FAQs about Peace Corps in Togo
From Peace Corps Wiki
How much luggage will I be allowed to bring to Togo?
Most airlines have baggage size and weight limits and assess charges for transport of baggage that exceeds this allowance. The Peace Corps has its own size and weight limitations, and will not pay the cost of transport for baggage that exceeds these limitations. The authorized baggage allowance is two checked pieces of luggage with combined dimensions of both pieces not to exceed 107 inches (length + width + height) and a carry-on bag with dimensions of no more than 45 inches. Checked baggage should not exceed 80 pounds total with a maximum weight allowance of 50 pounds for any one bag.
Peace Corps Volunteers are not allowed to take pets, weapons, explosives, radio transmitters (short-wave radios are permitted), automobiles, or motorcycles to their overseas assignments. Do not pack flammable materials or liquids such as lighter fluid, cleaning solvents, hair spray, or aerosol containers. This is an important safety precaution.
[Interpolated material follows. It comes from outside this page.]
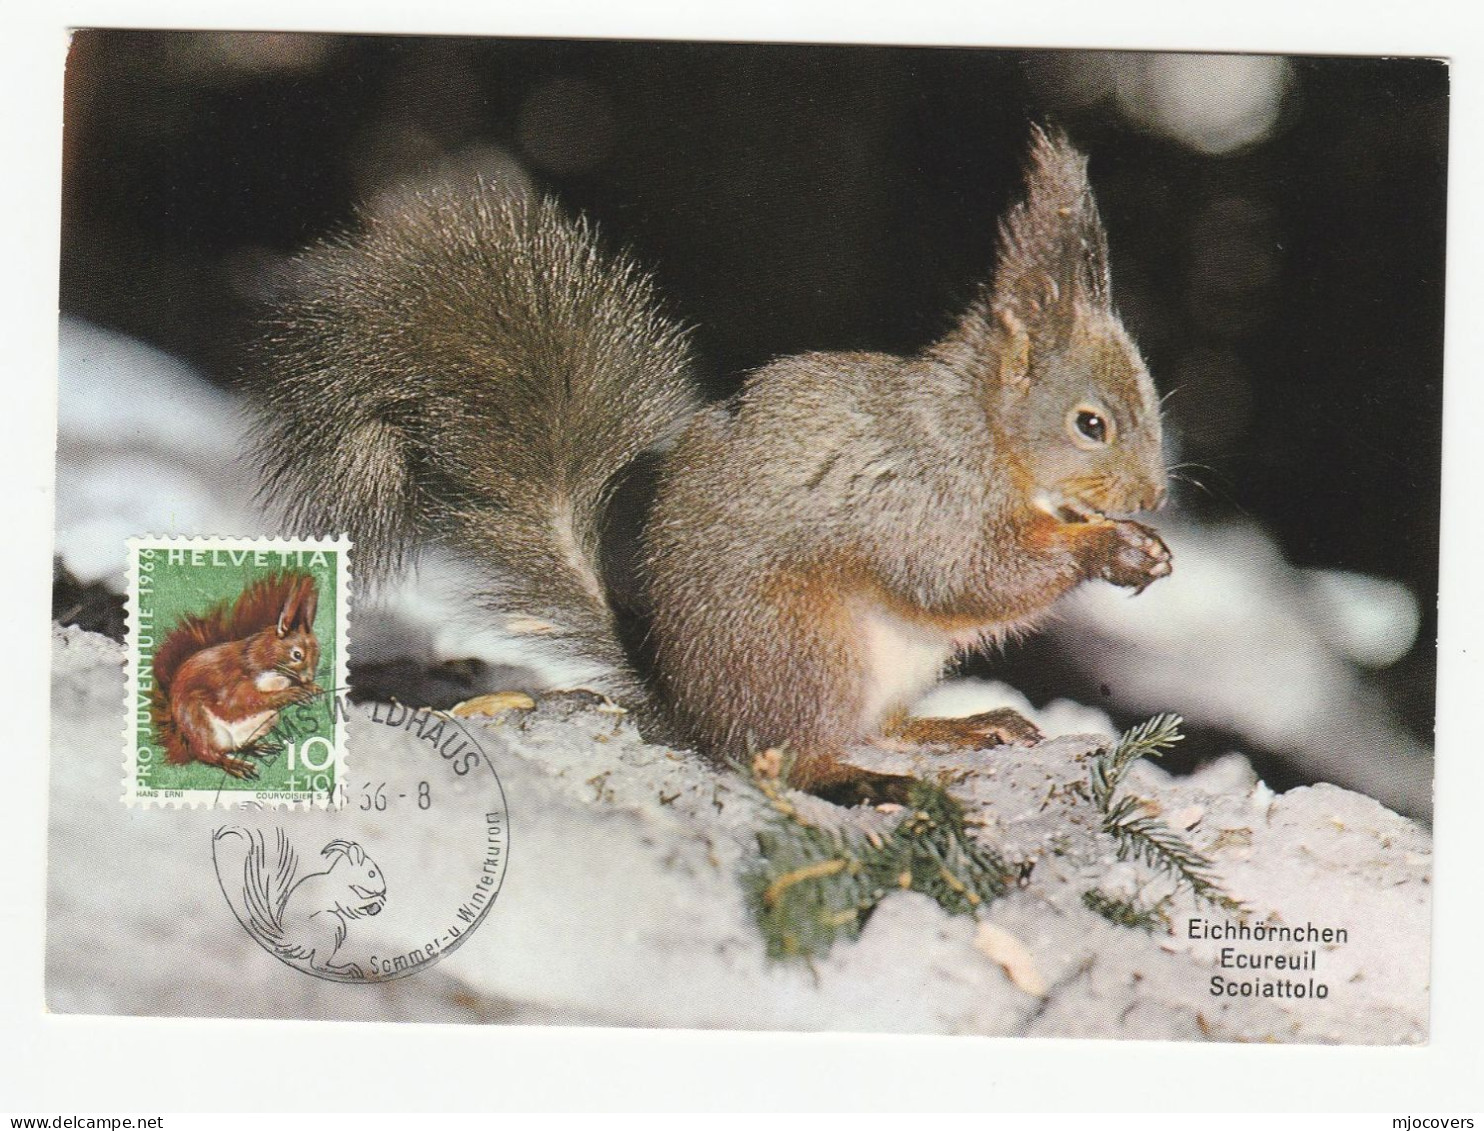 1966 SQUIRREL Maximum CARD Switzerland Stamps Fdc Cover Postcard - Cartes-Maximum (CM)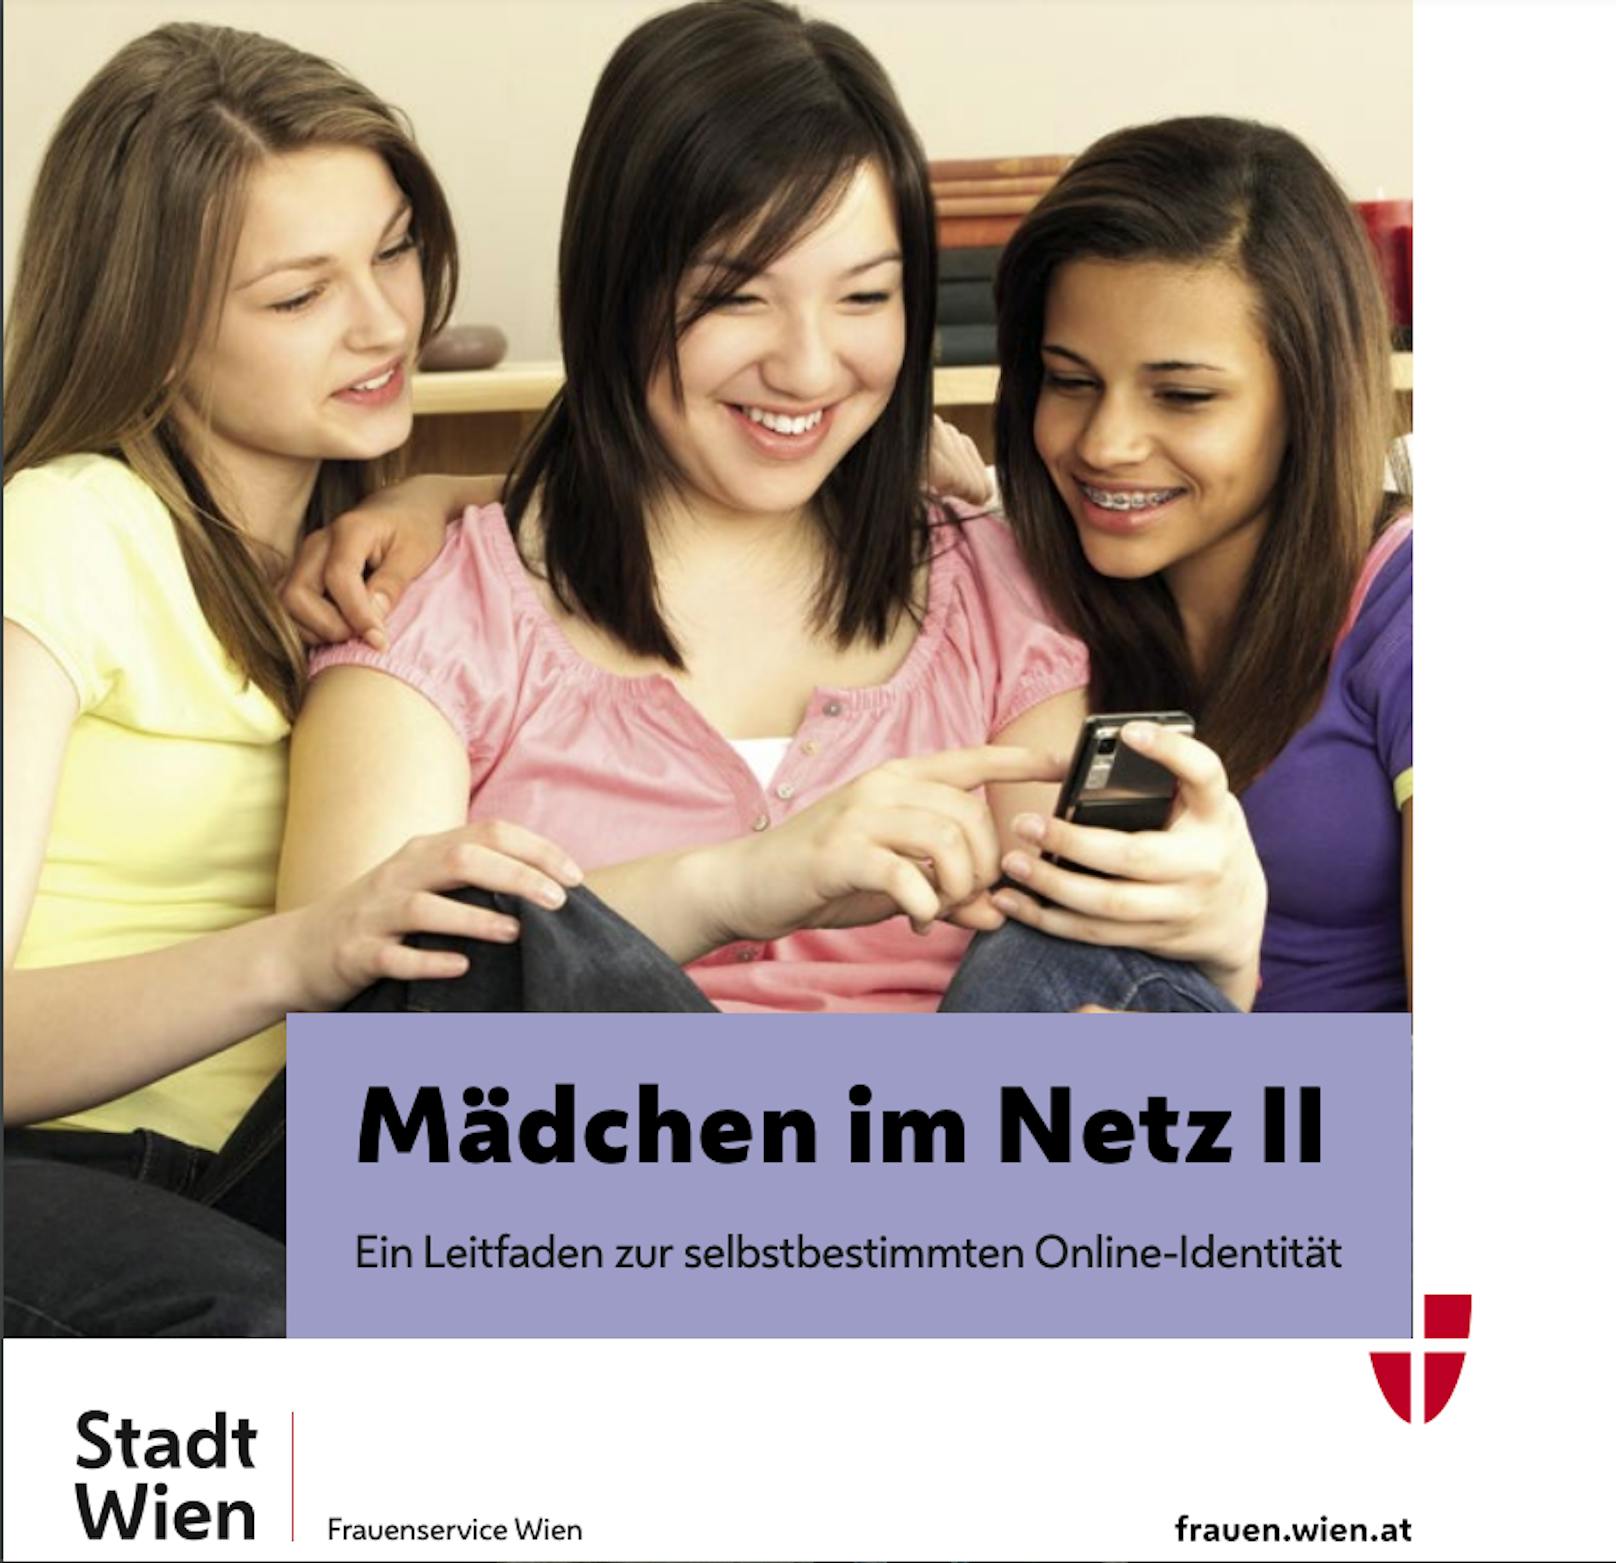 Daher veröffentlicht das Frauenservice der Stadt Wien pünktlich zum heutigen Weltmädchentag eine neue Broschüre, die Tipps für eine selbstbestimmte Online-Identität gibt.

What is the electric current in Togo?
Togo is on a 220-volt system as is found throughout much of Europe.
How much money should I bring?
Volunteers are expected to live at the same level as the people in their community. They are given a settling-in allowance and a monthly living allowance, which should cover their expenses. Often Volunteers wish to bring additional money for vacation travel to other countries. This can be stored safely in the Peace Corps office. Credit cards and traveler’s checks are difficult to use in Togo. ATM machines are available only in Lomé. If you choose to bring extra money, plan on bringing the amount that suits your own personal travel plans and needs. American bills can be exchanged in banks or on the street, although you should be cautious of street vendors who may attempt to take advantage of you.
When can I take vacation and have people visit me?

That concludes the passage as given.